Мне нравилась однообразная и мерная рысь, покачивающая коляску, а когда они останавливались — все умолкало в полях. Пар поднимался из их ноздрей, расшатавшийся экипаж укрепляли на рессорах, ветер свистел в окна, и это было все…
Во все глаза смотрел я на празднично разодетую толпу, радостную, суматошную, шумную, на бурное море людское, что в гневе страшнее шторма, а в глупости неистовее его.
Мне нравились колесницы, кони, войска, мундиры, гром барабанов, звуки выстрелов, грохочущие по мостовой пушки.
Ребенком я любил то, что видел, юношей — то, что чувствовал, повзрослев, я уже ничего не люблю.

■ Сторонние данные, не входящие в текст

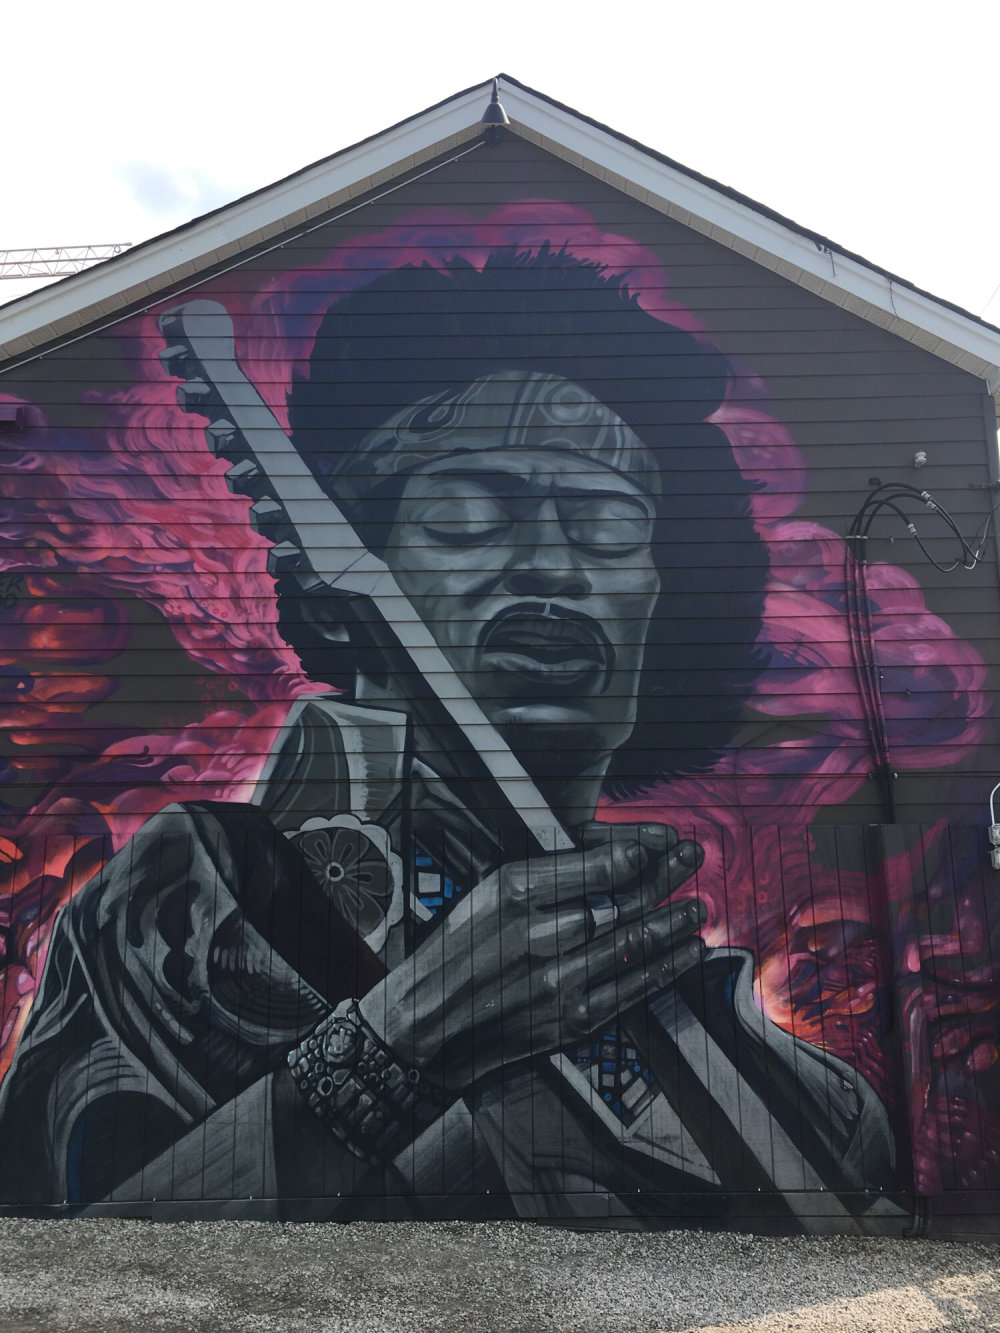 mural in Toronto by artist uber5000. Tagged: Jimi Hendrix, music

И все ж, как много скрыто в моей душе, сколько тайных сил, какие океаны гнева и любви бушуют и клокочут в сердце, таком слабом, таком немощном, изможденном и усталом!

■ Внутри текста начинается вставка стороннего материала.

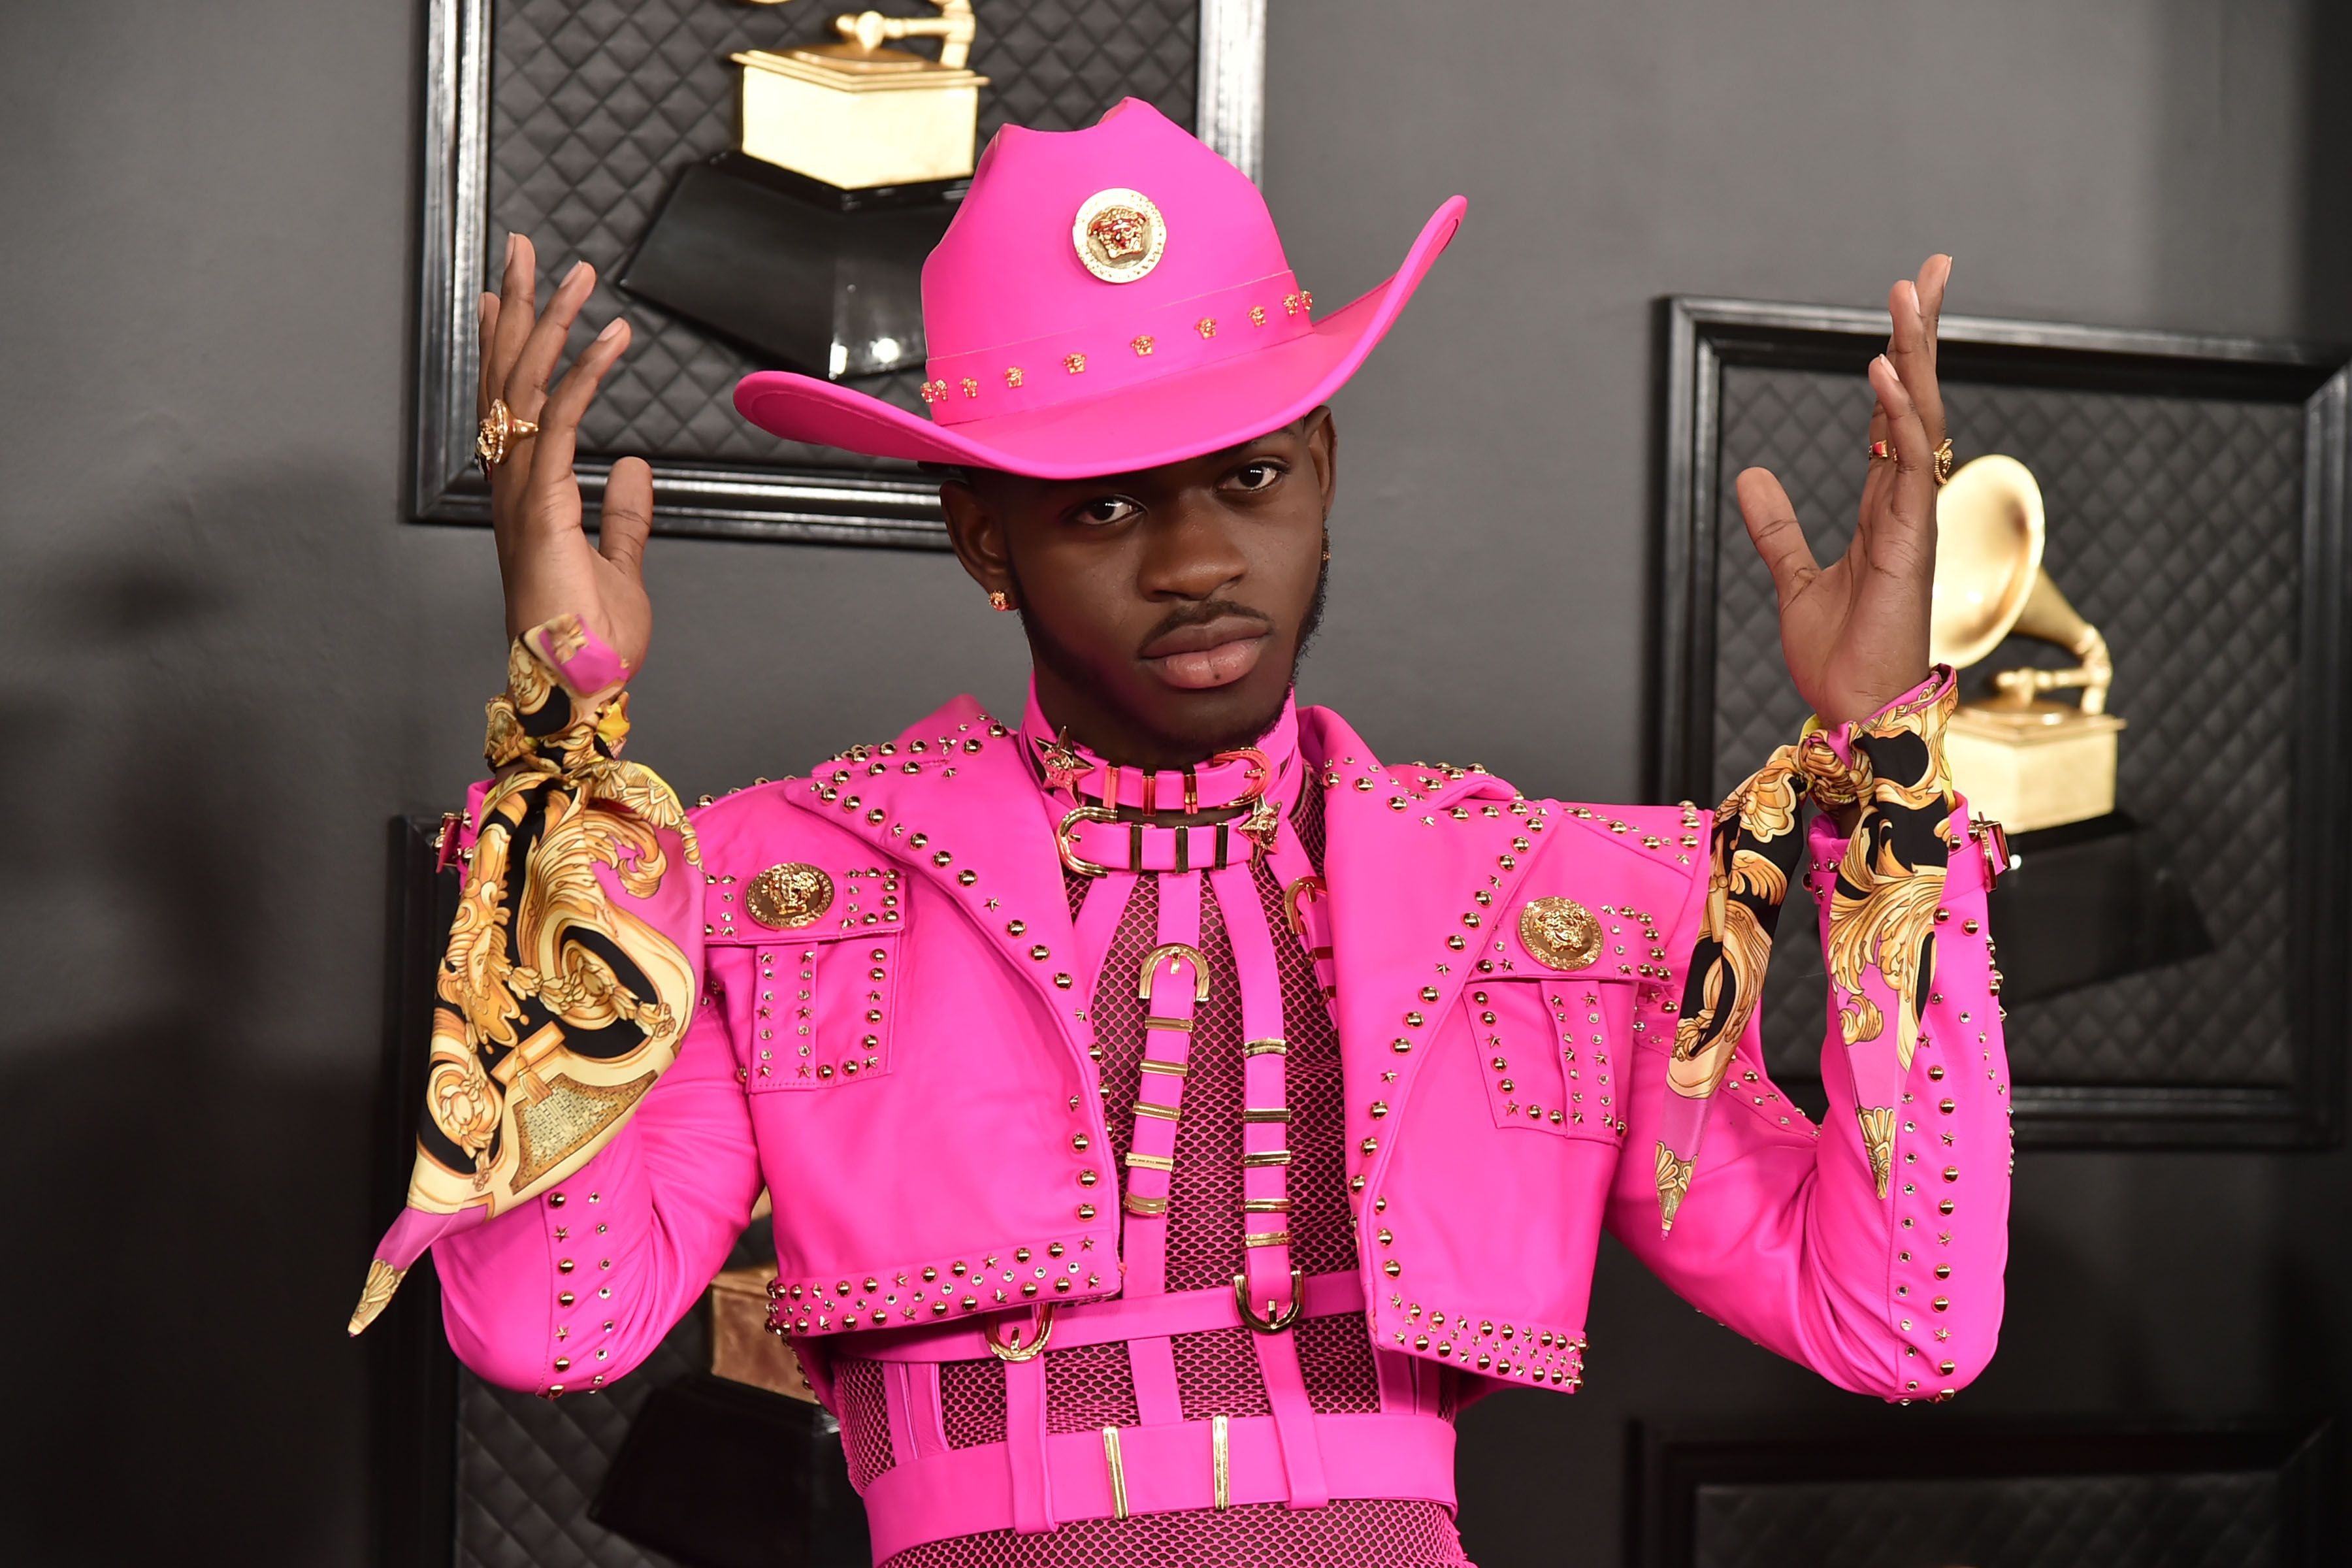 Lil Nas X's Net Worth and “Old Town Road” Money Earned

Мне советуют вернуться к деятельной жизни, смешаться с толпой! … Но как может плодоносить сломанная ветка, как упавший лист, гонимый ветром в пыли, может вновь стать зеленым? И откуда в эти юные годы такая горечь? Почем мне знать? Быть может, мне суждено так жить — уставать, еще не подняв тяжести, задыхаться, не начав бега…

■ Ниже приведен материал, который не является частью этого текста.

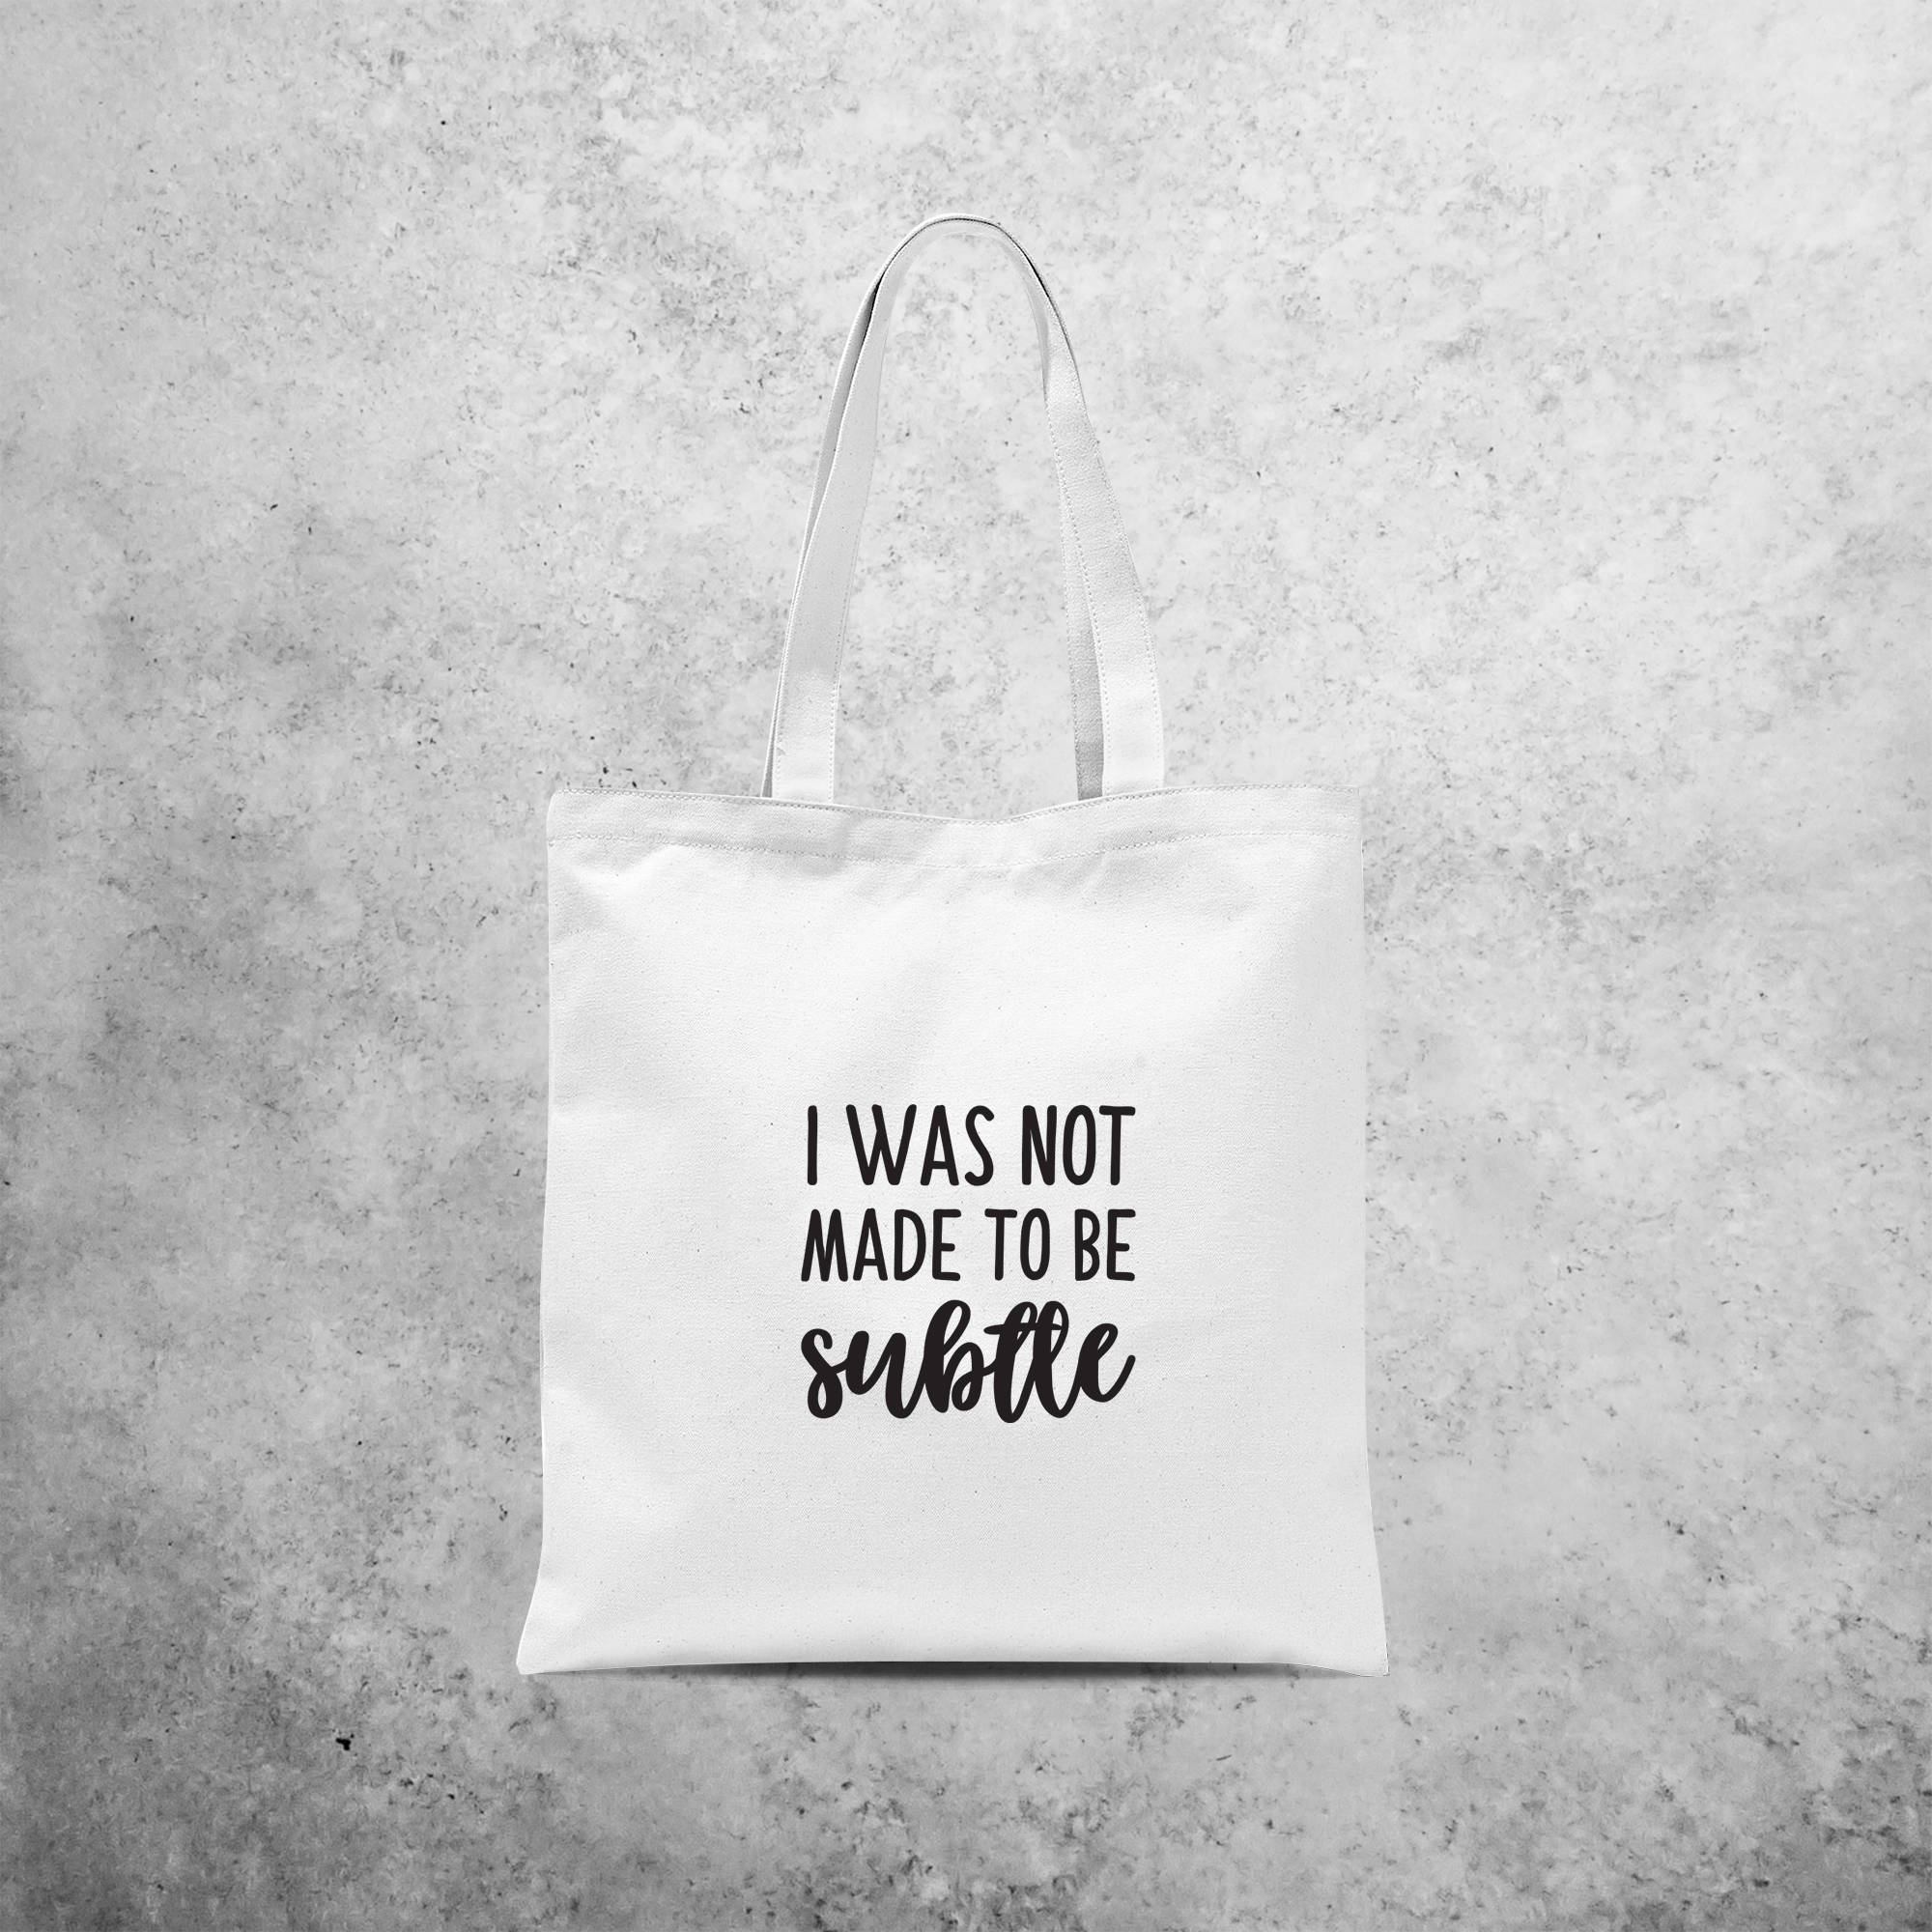 'I was not made to be subtle' tote bag

Я читал, работал с пылким усердием… Я писал…
Как счастлив был я тогда, как высоко уносилась моя восторженная мысль, она летела в неведомые простым смертным края, где нет ни мира, ни планет, ни светил! Я знал бесконечность, более необъятную, если то возможно, чем бесконечность Божия, там, в атмосфере любви и восторга парила, распахнув крылья, поэзия. А после надо было спускаться из этих возвышенных сфер к словам, но как выразить в речи ту гармонию, что рождается в сердце поэта, те мысли гиганта, под тяжестью которых рушится фраза, точно рвется тесная перчатка на мошной и грубой руке?
А еще разочарование в том, что мы привязаны к земле, ледяной земле, где гаснет всякий пыл, где слабеет энергия. По каким ступеням можно сойти из бесконечности к рассудку? Как последовательно низвести мысль, чтоб не разрушить ее? Как уменьшить этого гиганта, заключившего в себя бесконечность?
С тоской и отчаянием я чувствовал, как уходят силы, и стыдился этой слабости: ведь слово — это лишь далекое и слабое эхо мысли. Я проклинал самые дорогие свои мечты и безмолвные часы, прошедшие у границ мироздания. Какая-то ненасытная пустота пожирала меня.
Оставив поэзию, я бросился в область размышлений.
Поначалу я был очарован этим внушительным занятием, цель его — объяснить человека, но сводится оно к препарированию гипотез, обсуждению абстрактнейших понятий и геометрически точному порядку наипустейших слов.